* _Given information_:
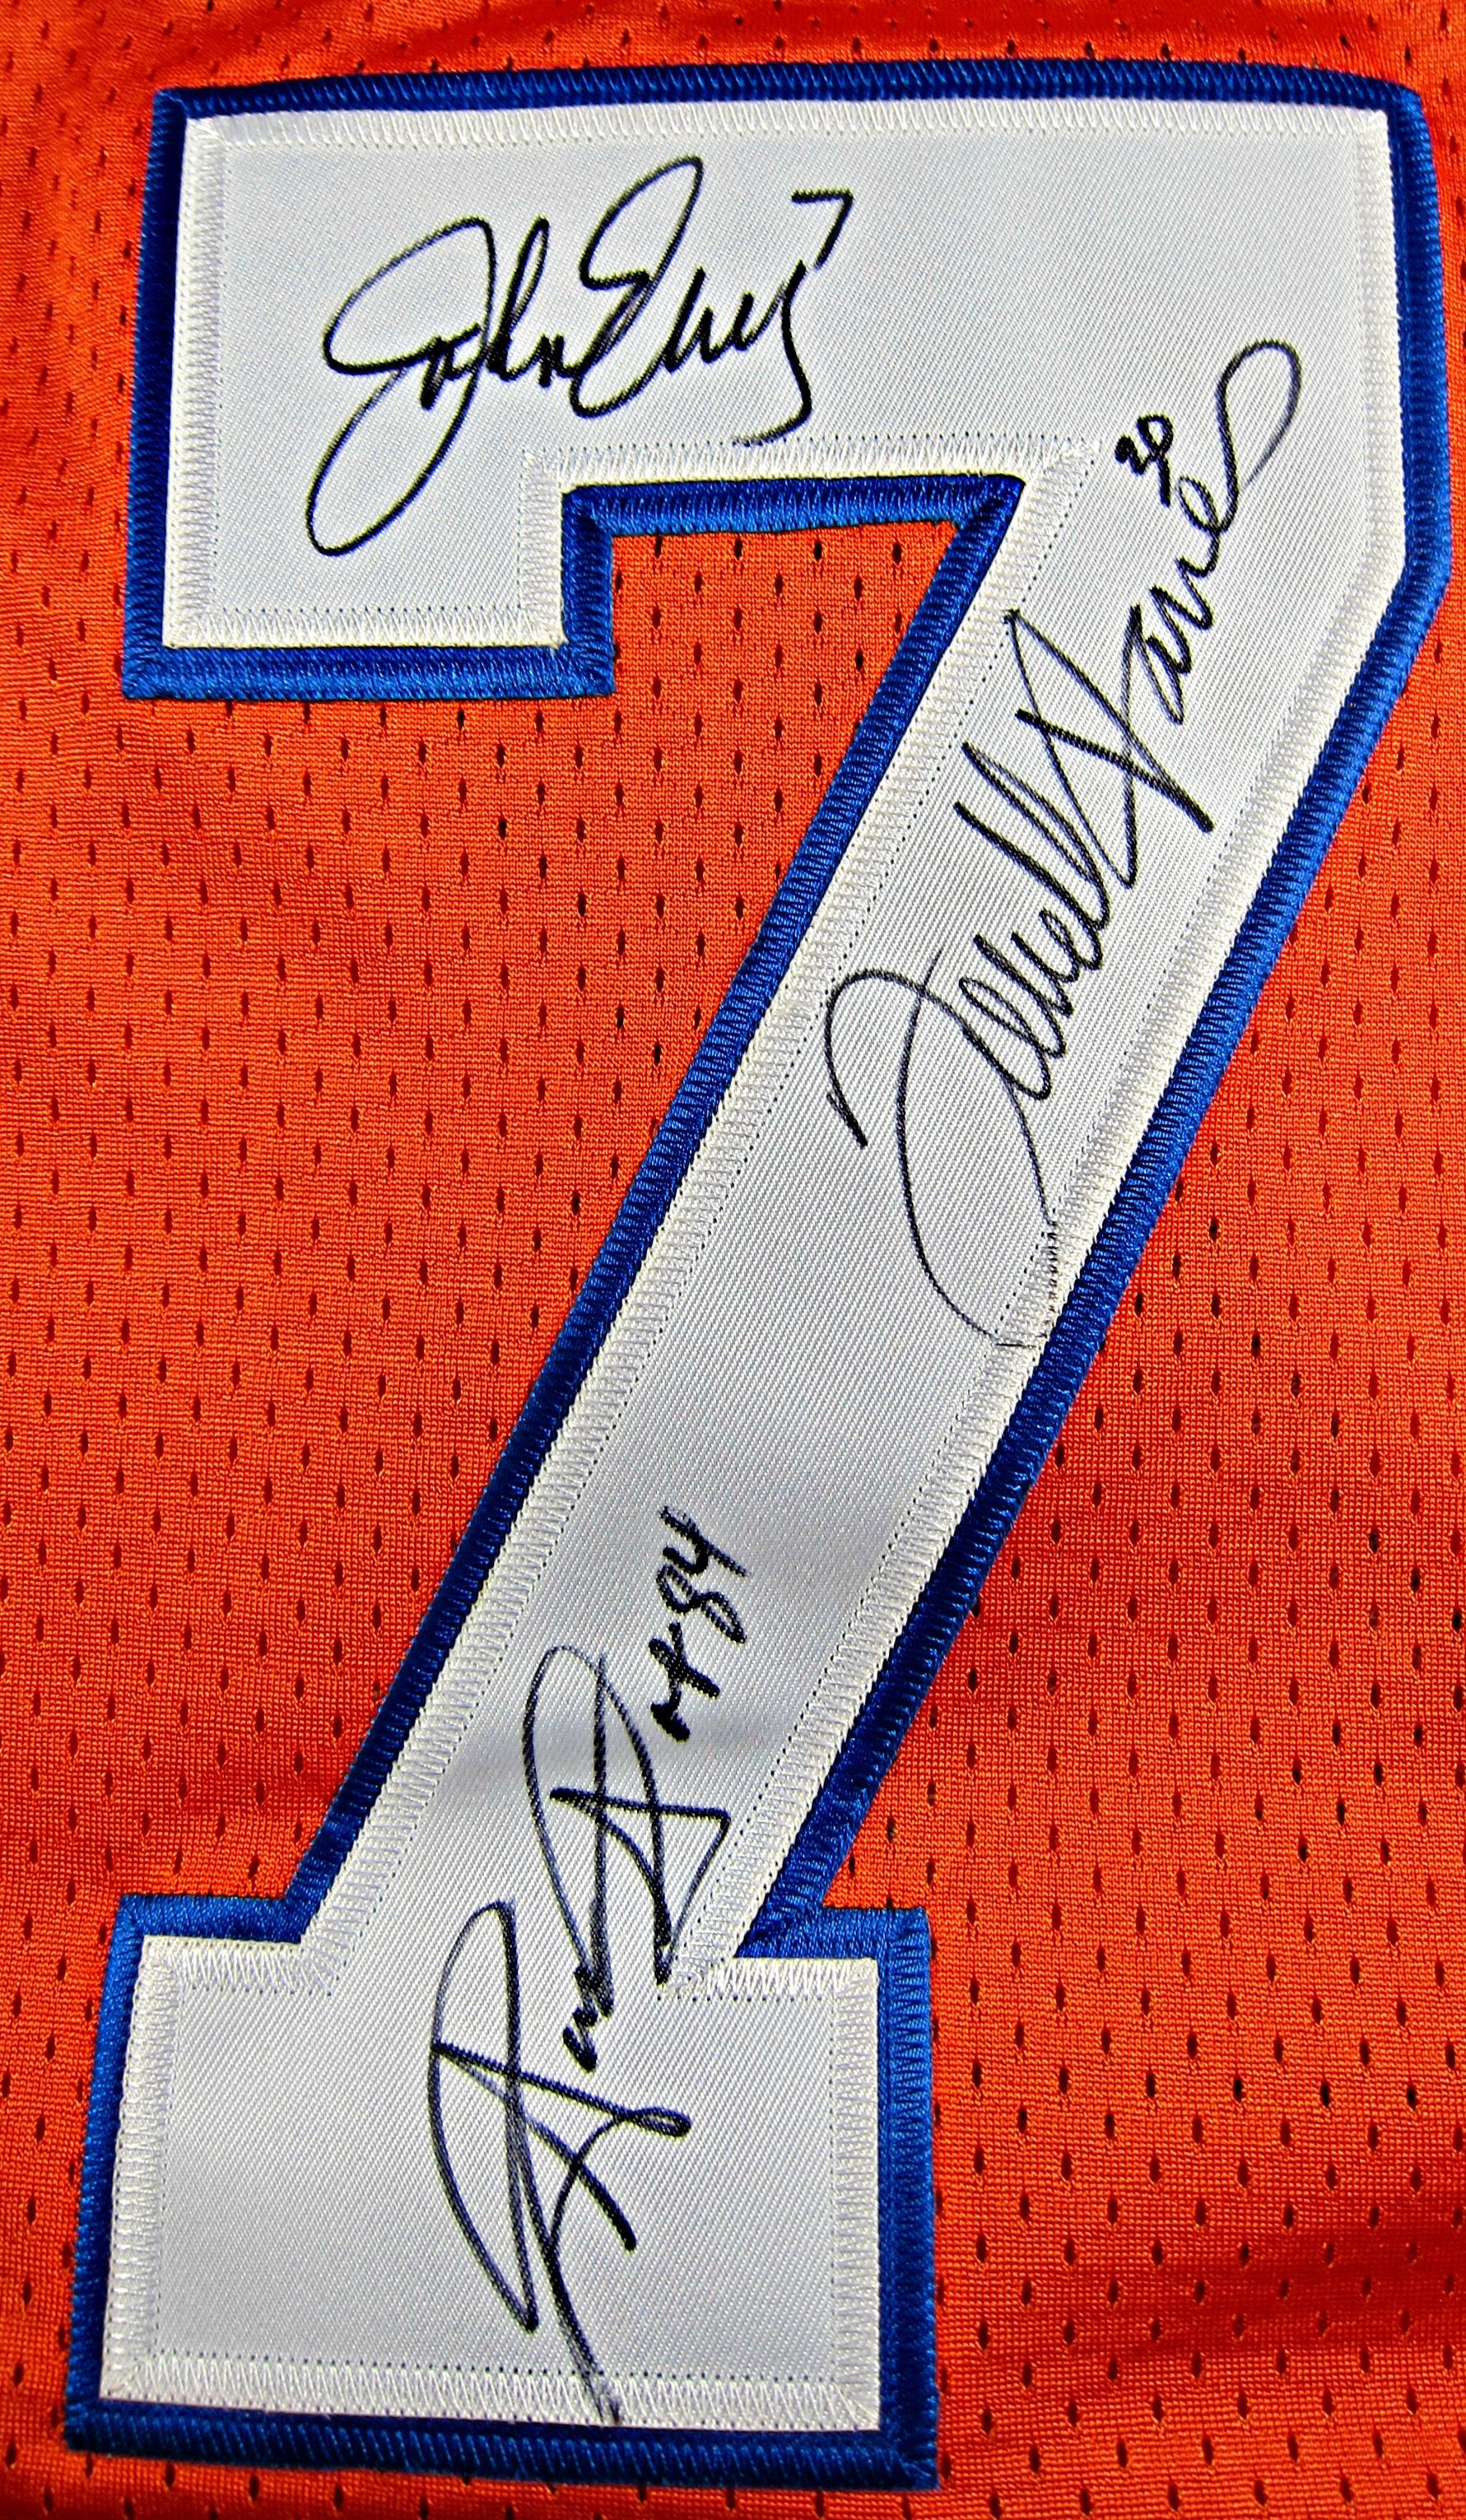 d4de29ec6 Denver Broncos Autographed John Elway Jersey. Sale! 🔍. Denver Broncos · Denver  Broncos
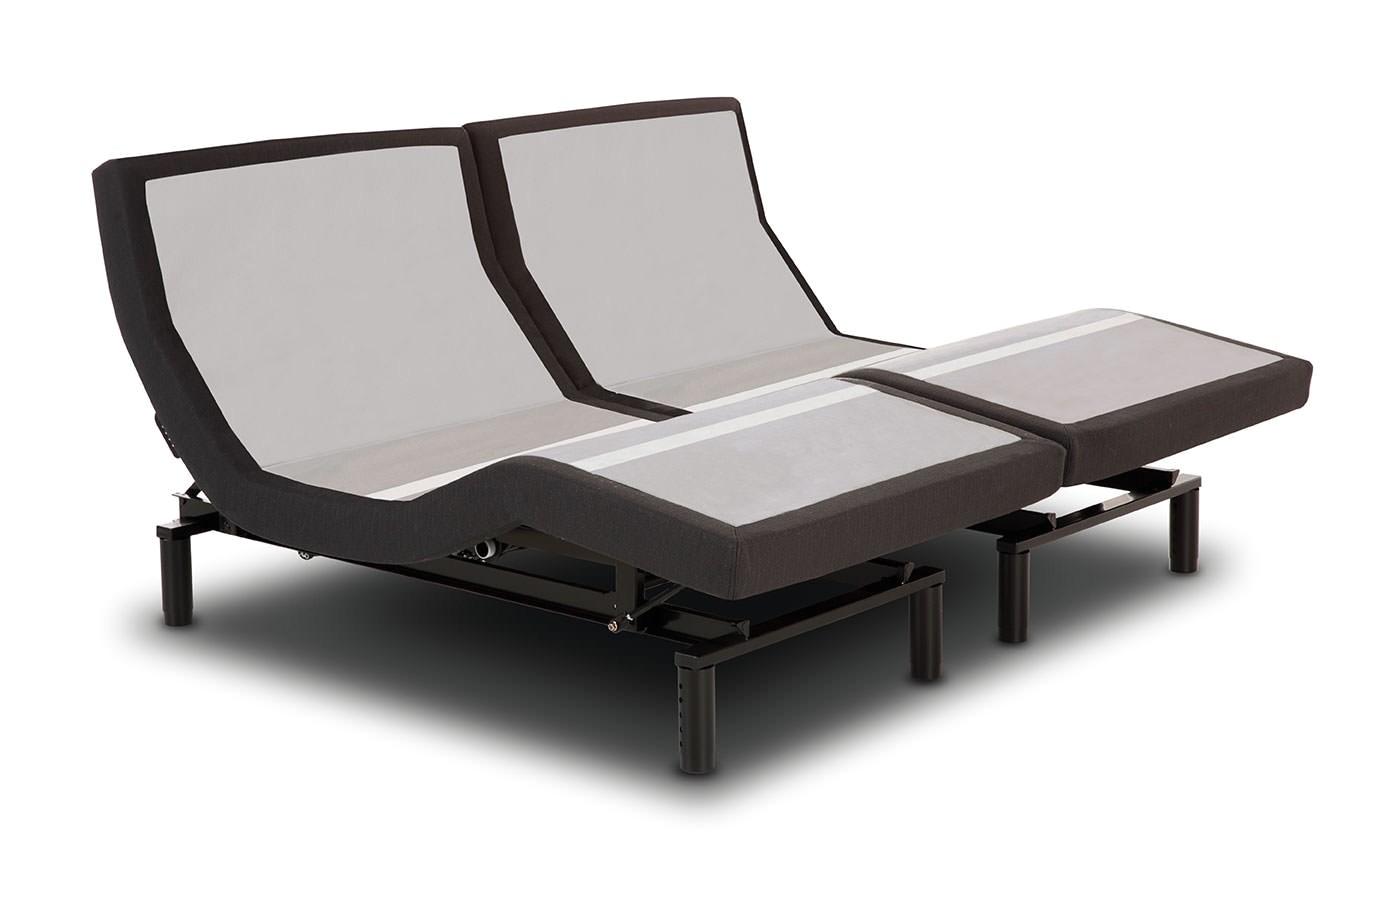 ergo star invincible adjustable bed
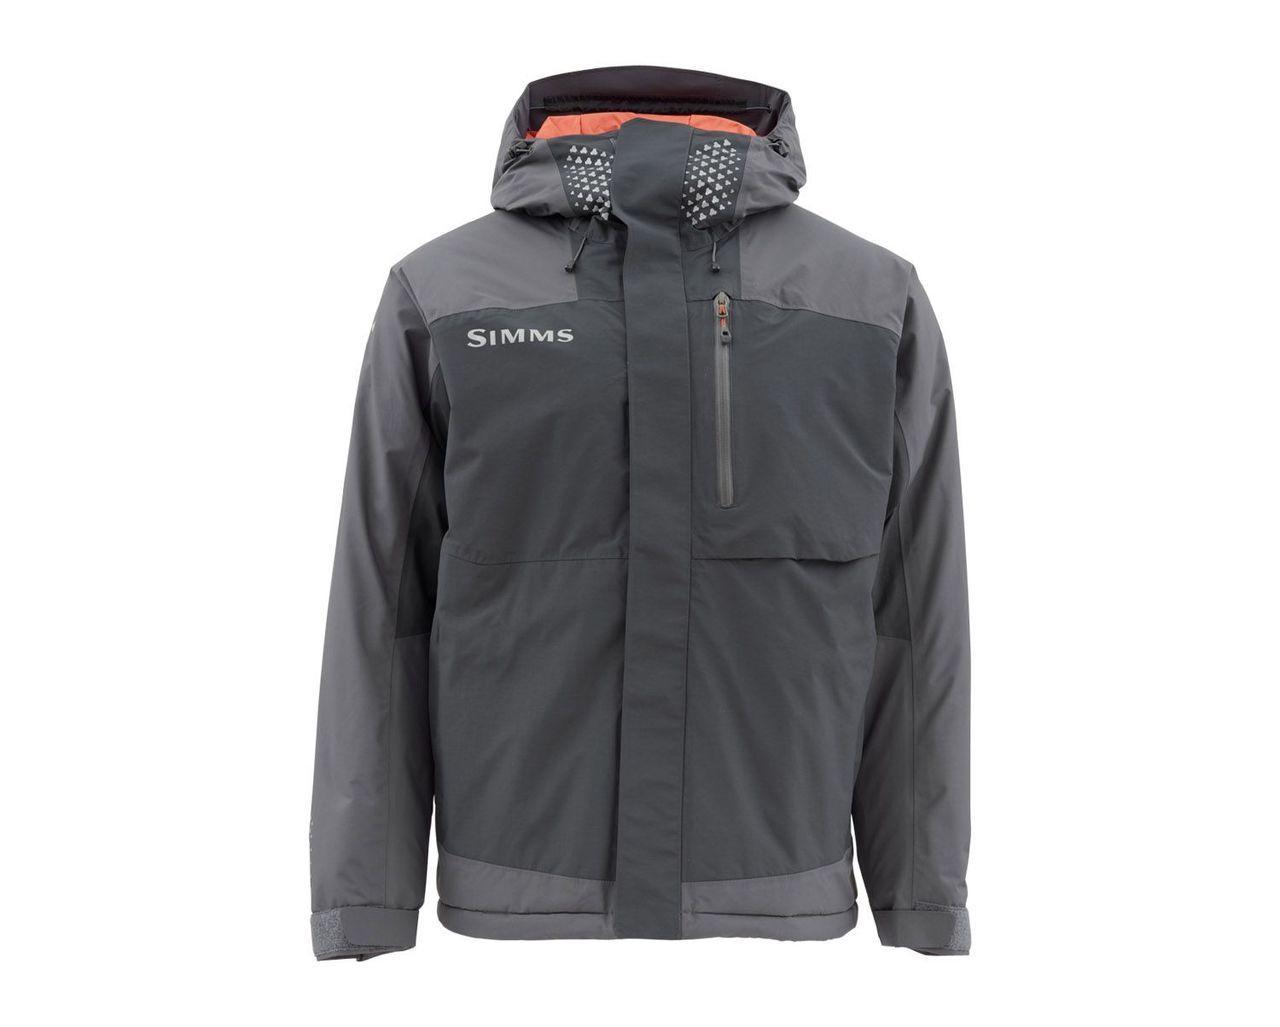 Simms Challenger Insulated Jacket zateplená bunda na loď - monfish 02aeb74008
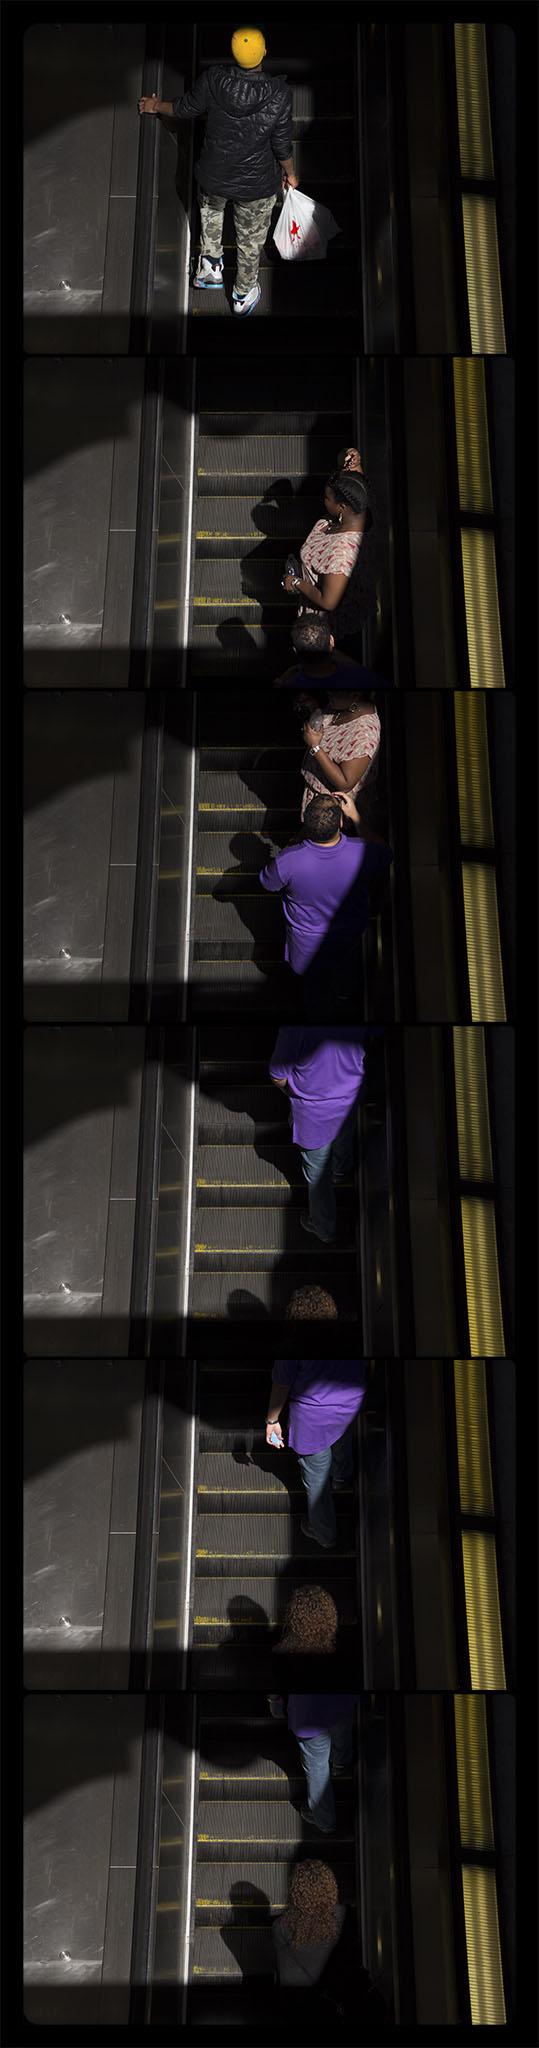 Metro Rail, Gallery Place-Chinatown, 4-21-2012-5896-5901

* _What you should do_:
Keep every word of the lines above unchanged in the copy, and omit the pictures.

* _Answer_:
 d4de29ec6 Denver Broncos Autographed John Elway Jersey. Sale! 🔍. Denver Broncos · Denver  Broncos
 ergo star invincible adjustable bed
 Simms Challenger Insulated Jacket zateplená bunda na loď - monfish 02aeb74008
 Metro Rail, Gallery Place-Chinatown, 4-21-2012-5896-5901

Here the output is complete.